2. (Vel cûd, fil usreti) Darlıkta olan adamın cömertlik yapması; o da zor şey... Kendi muhtaç...
3. (Vel iffetü fil halveti) Yabancı hanımlarla yalnız kaldığın vakitte, orda iffeti muhafaza etmek; o da çok müşkil... Onun için, "Hanımlarla yalnız kalmayın!" derler. Yalnız kaldığın vakitte üçüncüsü şeytan, mutlaka arada bir fenâlık verir.
4. (Ve kavlül hakkı limen yehàfuhû ev yercûhu) Korktuğu bir adama, veyahut ondan bir menfaat beklediğin bir adama karşı hak sözü söylemek de çok zordur."

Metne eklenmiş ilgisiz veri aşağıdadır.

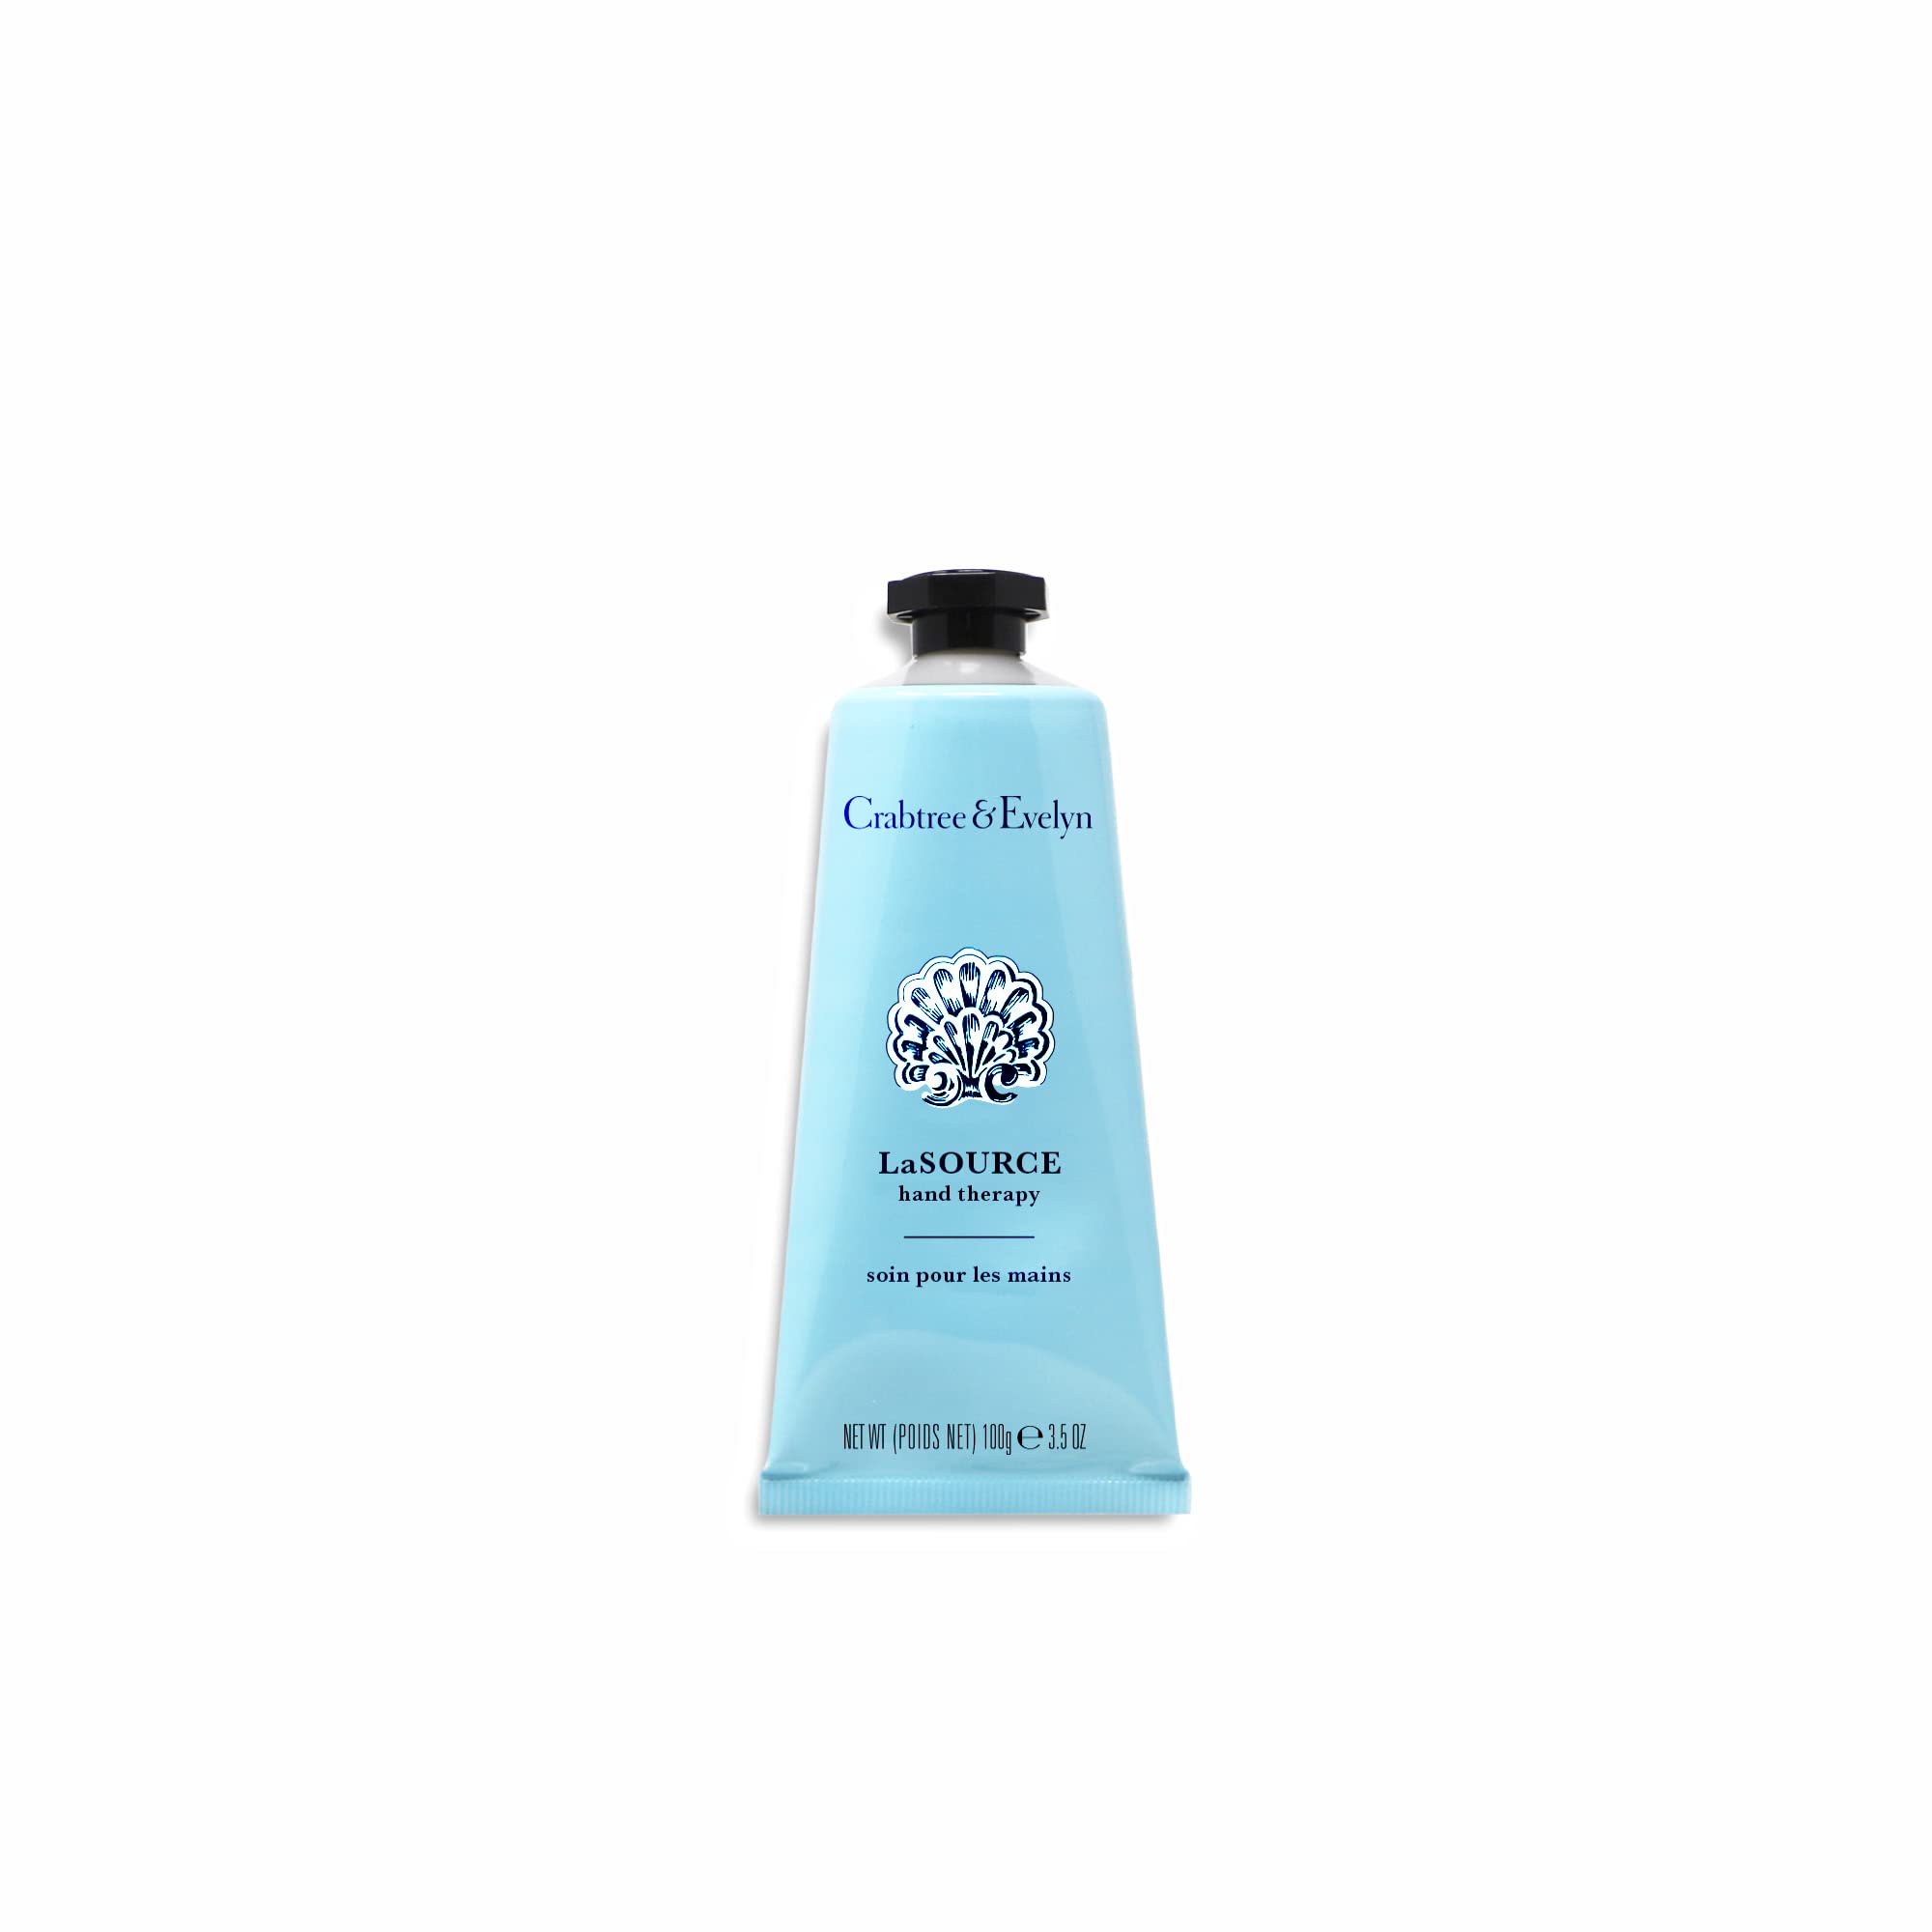 Crabtree & Evelyn La Source Hand Therapy - Nourishing & Smoothing 3.5 oz Lotion

Zebur'da Allah-u Teâlâ Dâvud AS'a vahyetmiş ki:
(Ennel âkilel hakîm lâ yahlû min erbai sâât) "Hakîm olan, akıllı insanlar dört saatten hâlî olmazlar:
1. (Sâatün fîhâ yünâcî rabbehû) Günde bir saatini ayıracak, Allah'a yalvarmak için... İbadet de onun içerisinde olacak.
2. (Ve sâatün fîhâ yühâsibü nefsehû) Bir saat de günde, nefsini hesaba çekecek. Eskiden yazarlarmış defterlerine aldığını, verdiğini, yaptığını... Hatasını, sevabını kaydederlermiş.
3. (Ve sâatün yemşî fîhâ ilâ ihvânihî) Bir saatini de kardeşlerini ziyarate ayıracak. Bak, vazifenin birisi de kardeşlerin ziyareti oluyor. Ama öyle kardeş ki, (ellezîne yuhbirûnehû biuyûbihî) senin ayıplarını sana haber verecek. Sana, "Senin şu ayıbın var, onu yapma bir daha!" diyecek kardeşler olacak.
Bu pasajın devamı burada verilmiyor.